The full listing is to be transcribed exactly, with each picture left out.

+++ AVAILABLE DATA

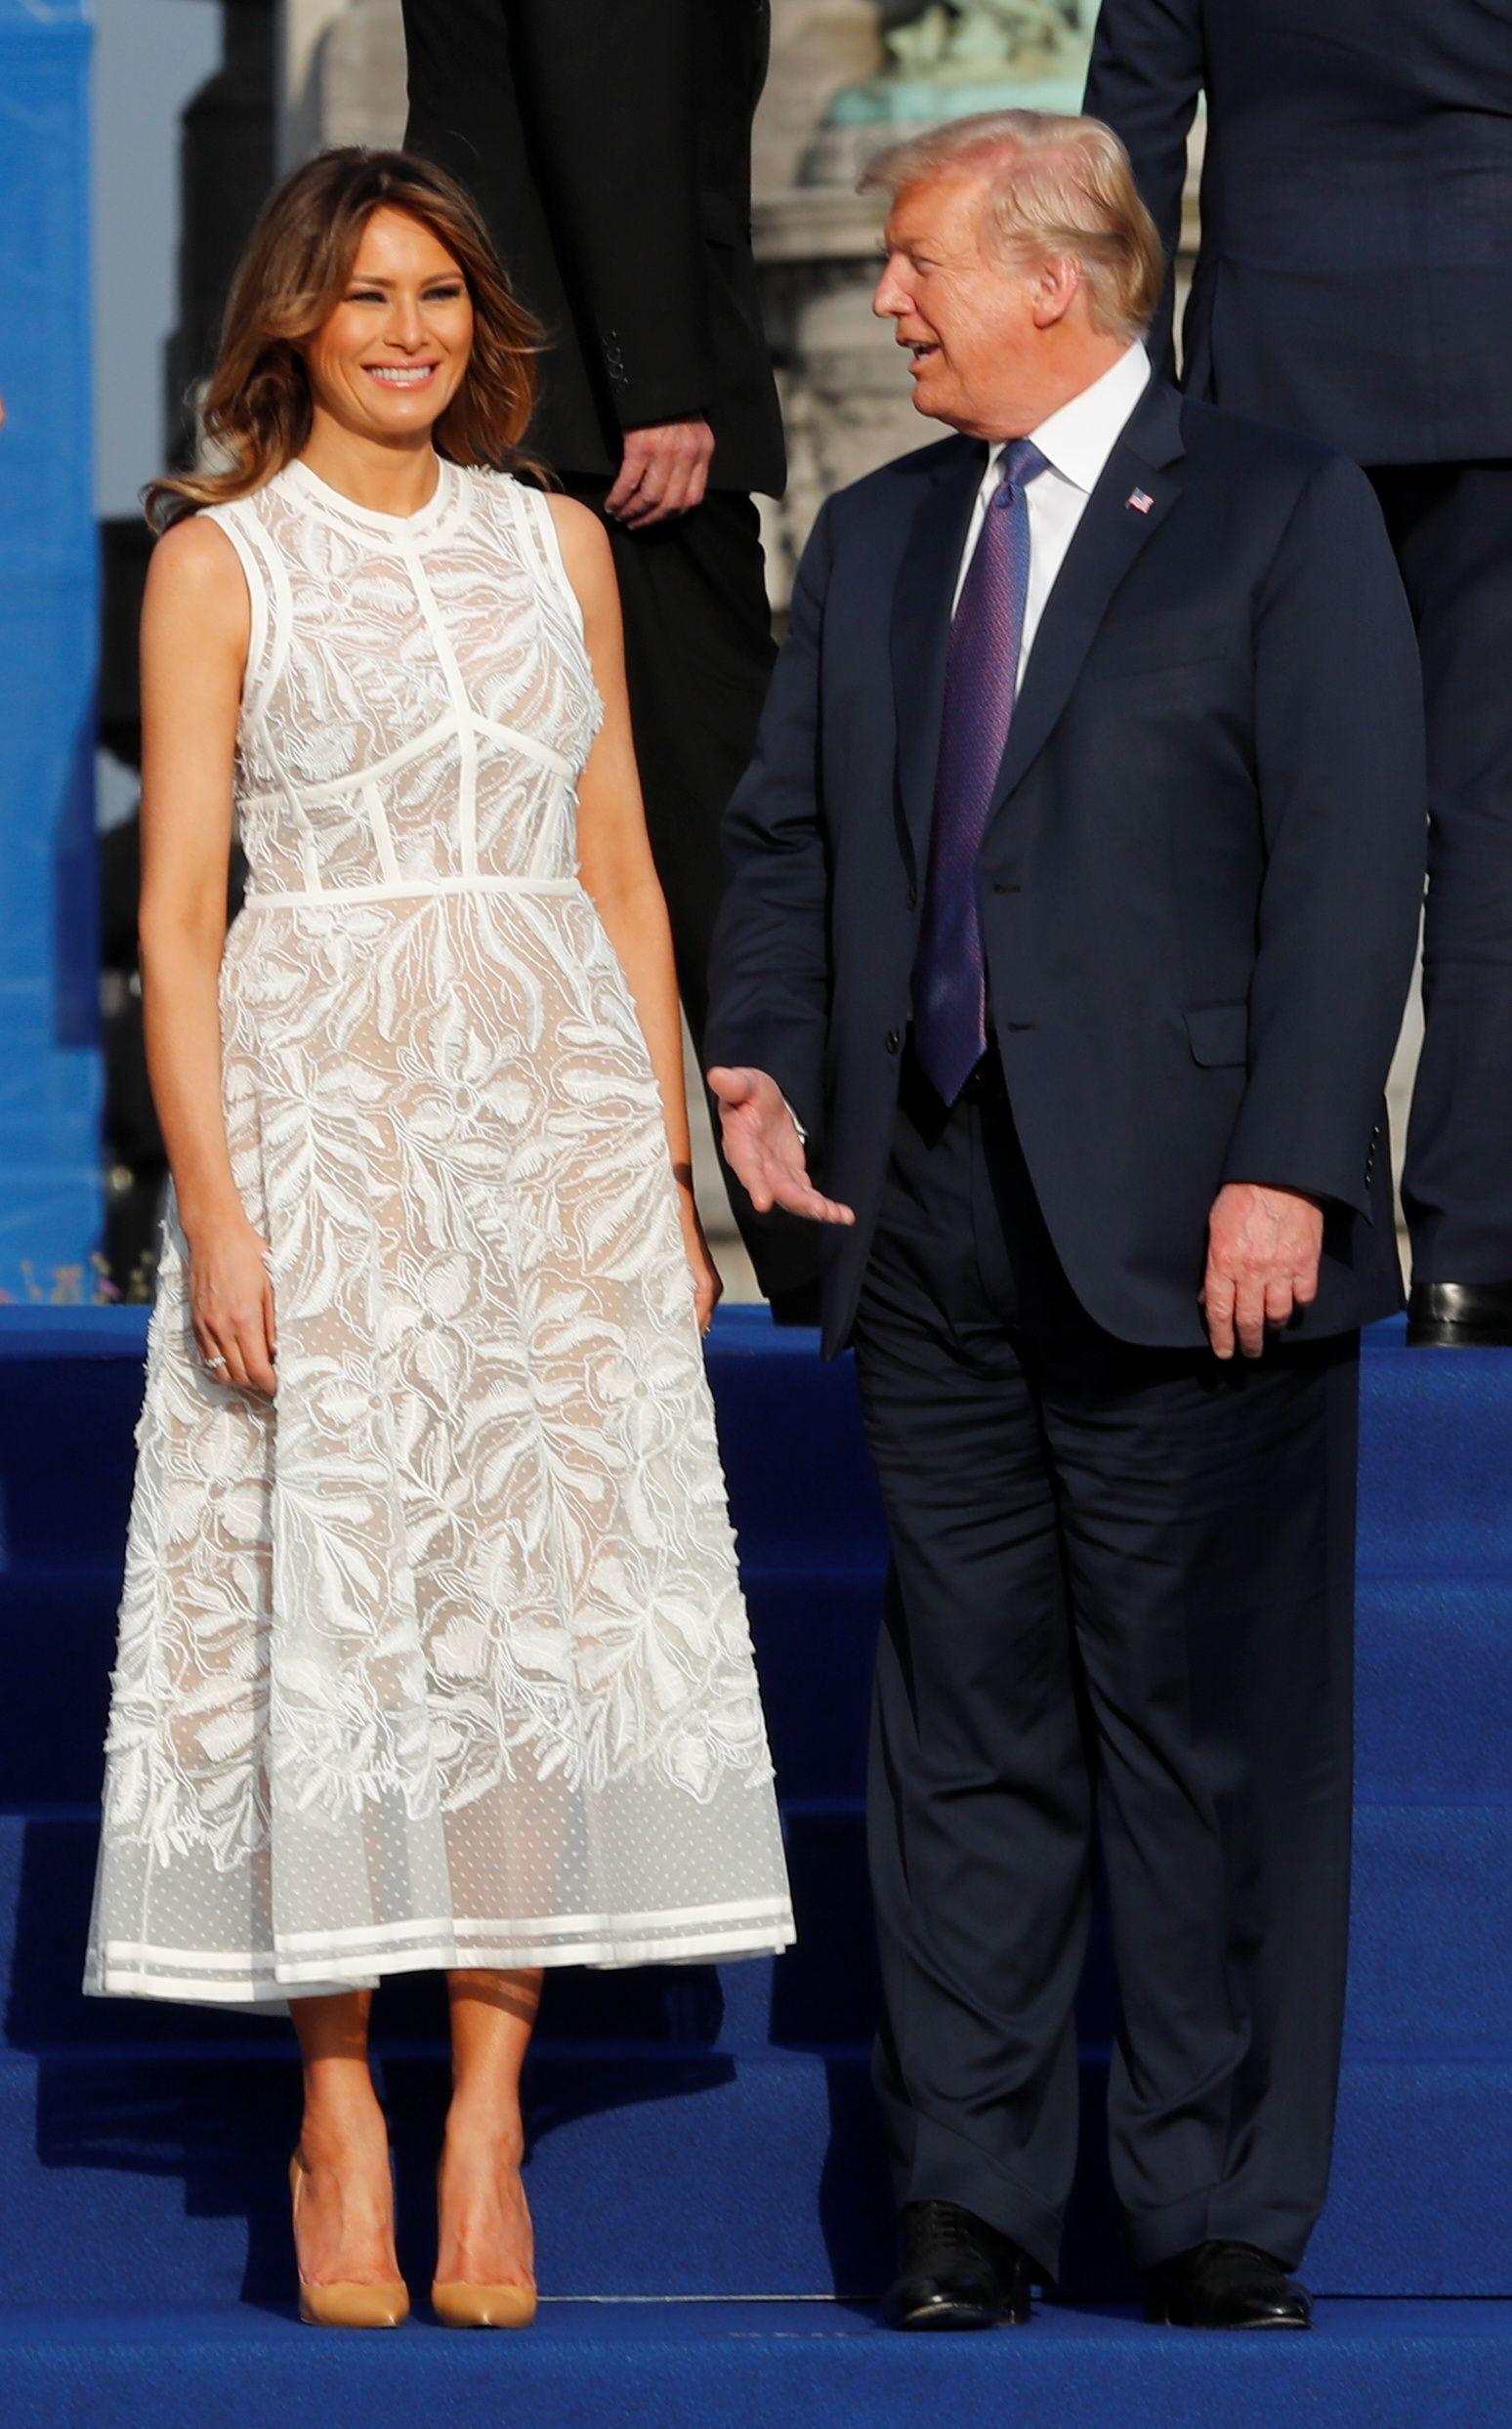 e23256364a3d Tremendous fan  Melania Trump meets Queen Elizabeth in Dior in 2019 ...
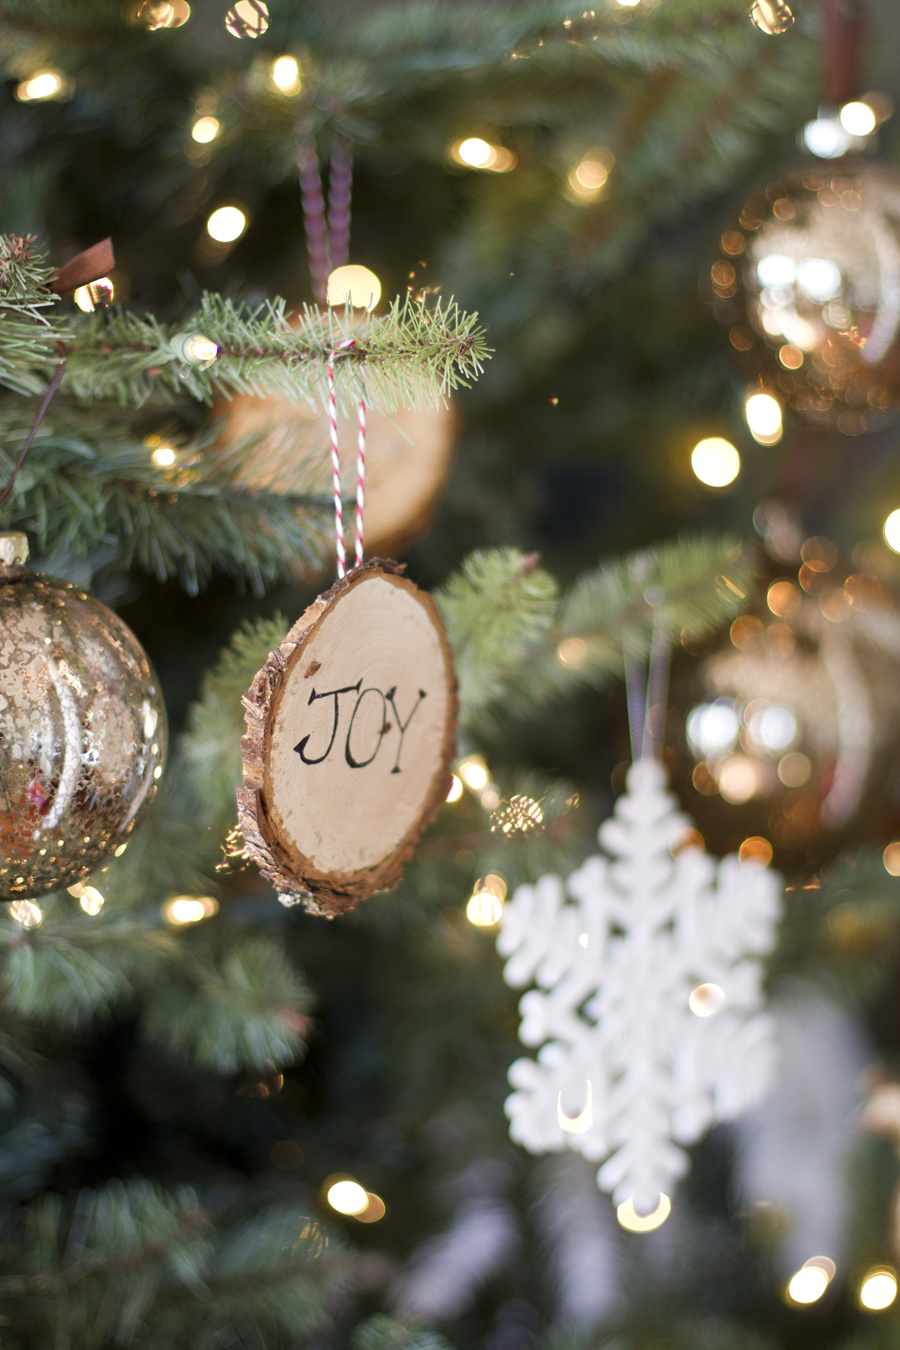 How To Make Wood Slice Ornaments
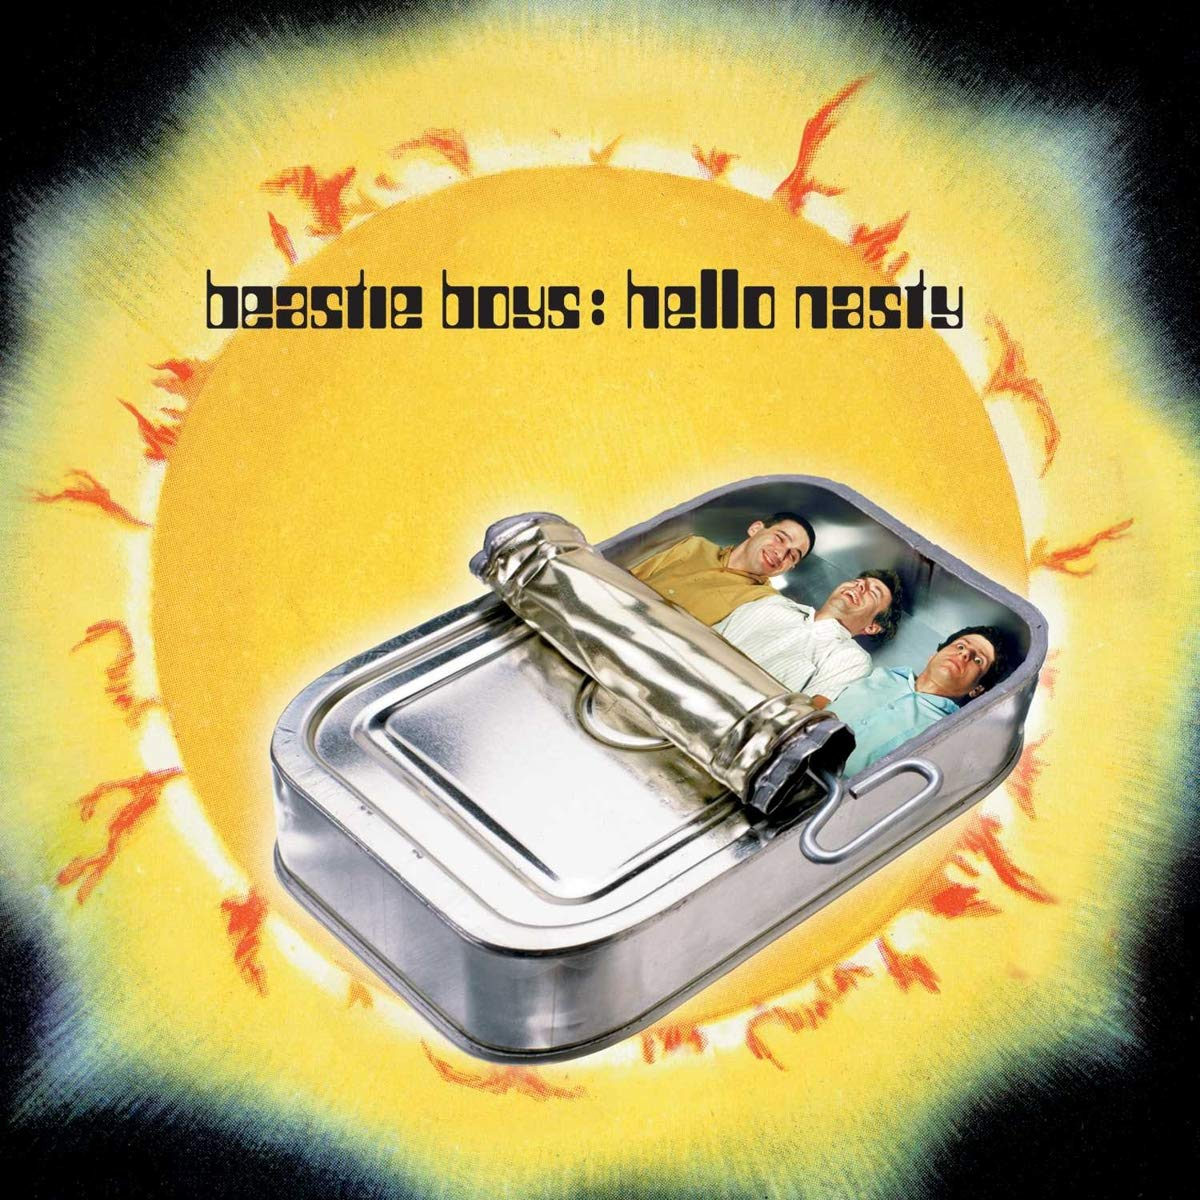 Beastie Boys - Hello Nasty (2009) [FLAC] Download

++++++

FINISHED EXERCISE:
 e23256364a3d Tremendous fan  Melania Trump meets Queen Elizabeth in Dior in 2019 ...
 How To Make Wood Slice Ornaments
 Beastie Boys - Hello Nasty (2009) [FLAC] Download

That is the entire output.